Motivation

SPH is a continuum particle method that is often used for simulations. Typically, the most time consuming part of codes that aim to perform SPH simulations, is finding the pairs of SPH particles that are within a fixed-cutoff of each other (the pair-search step from herein), and calculating the contribution to particles’ motion, due to its corresponding pair (the force calculation sweep step from herein). These steps can be combined together when organising the code, but it’s useful to seperate them when needing to re-use the pair list.

The pattern that the force calculation sweep looks like, can be illustrated with code (in C++) to calculate the rate-of-change of density due to the continuity equation (drho/dt = div(v)):

for (int k = 0; k < num_pairs; ++k) {
    i = pair_i[k];
    j = pair_j[k];

    dvx = vx[i] - vx[j];
    dvy = vy[i] - vy[j];
    dvz = vz[i] - vz[j];

    vcc = mass*(dvx*dwdx[k] + dvy*dwdy[k] + dvz*dwdz[k]);

    drhodt[i] += vcc;
    drhodt[j] += vcc;
}

where v_ stores the velocity of each particle in x, y, and z directions; drho_dt stores the rate of change of density; and dwd_x stores the spatial gradient of the kernel function in the x, y, and z directions.

This pattern is not automatically vectorized by compilers, due to the non-sequential memory access pattern in the algorithm.

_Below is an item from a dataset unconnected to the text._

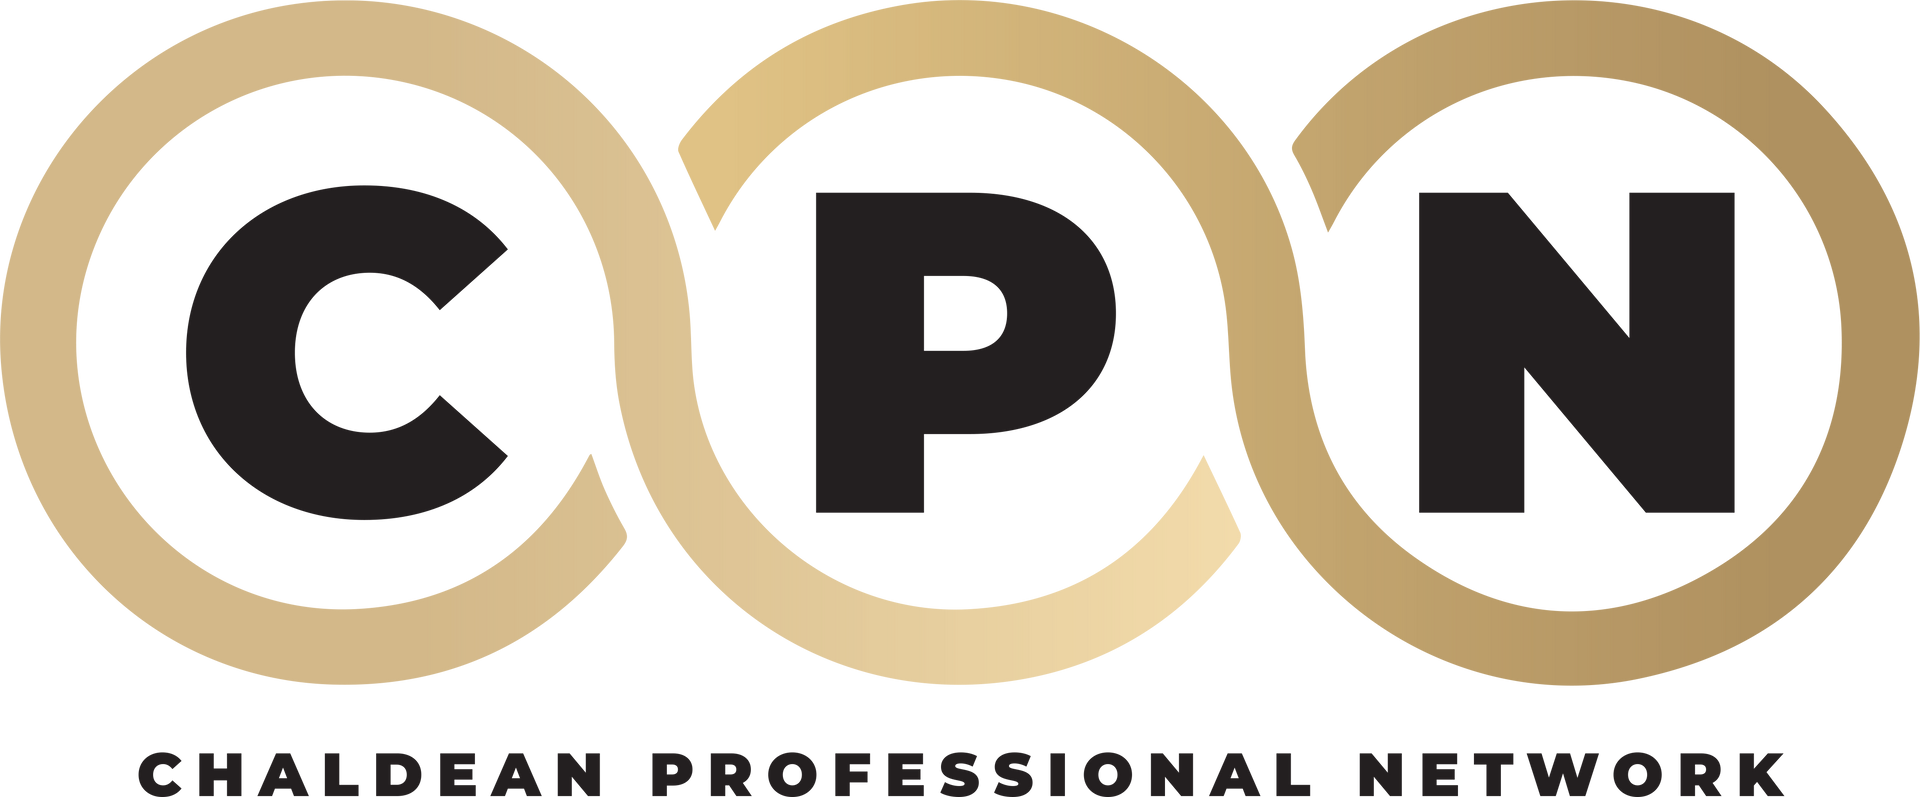 CPN-Logo
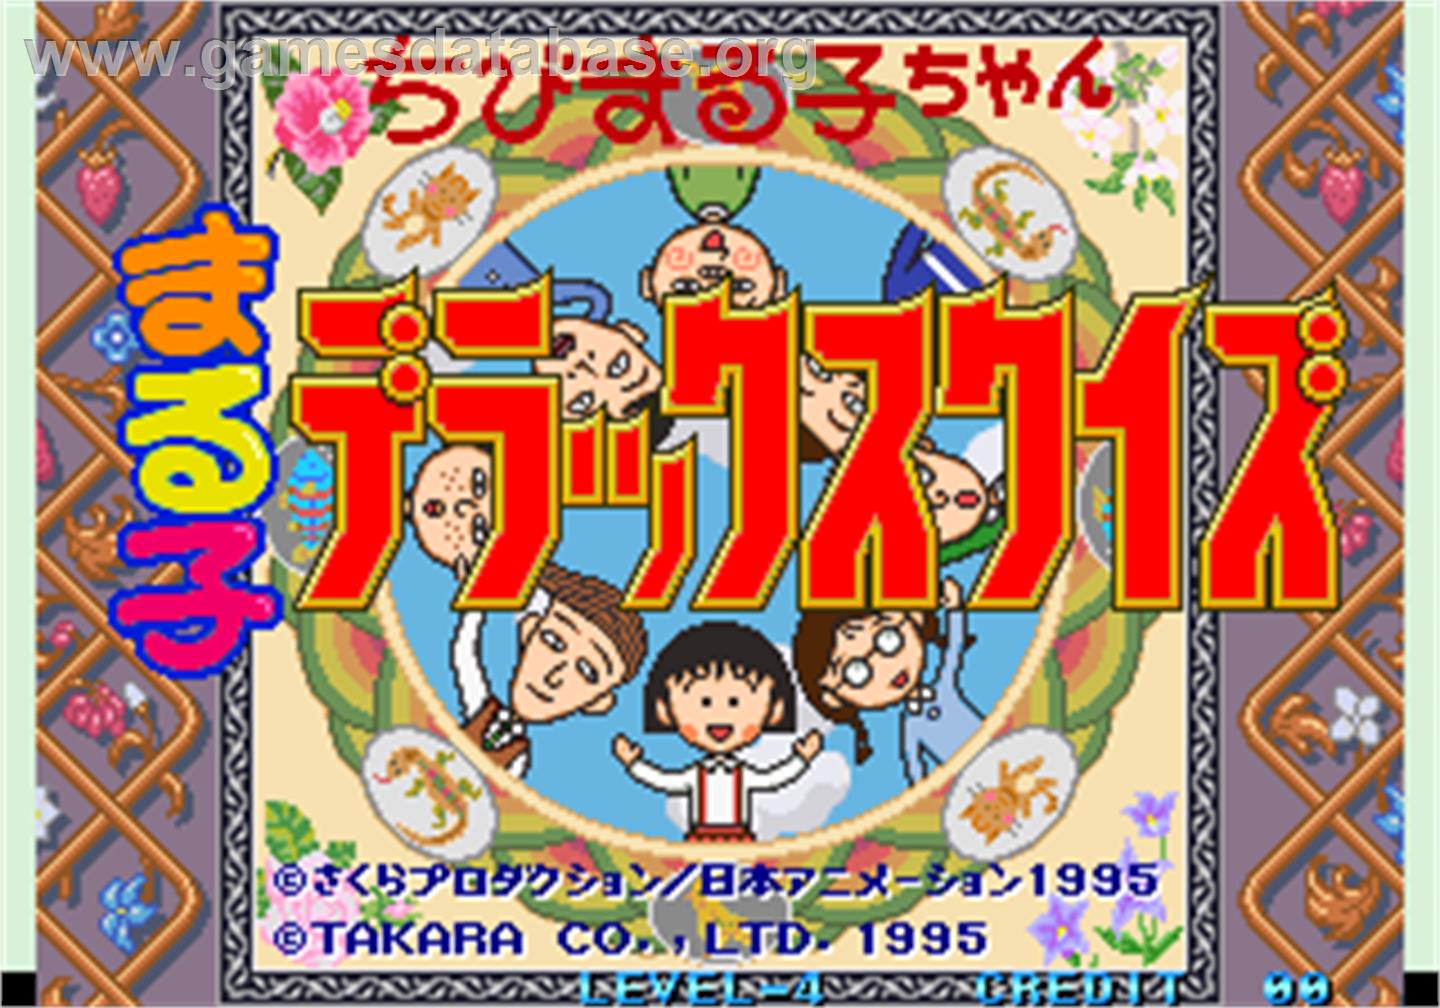 Chibi Marukochan Deluxe Quiz - Arcade - Artwork - Title Screen

Consequently, I wanted to invetigate manually vectorizing this loop, to see if I could reduce run times.

x86 CPUs have a long list of assembly instructions that can be accessed in C/C++ via Intel’s SIMD Intrinsics.

Platform #

Everything on this page is run on the following platform:

CPU: Xeon Gold 6342 CPU (Icelake)
OS: CentOS 7
Compiler: g++ v10.3.0

Code is benchmarked with the Google microbenchmark framework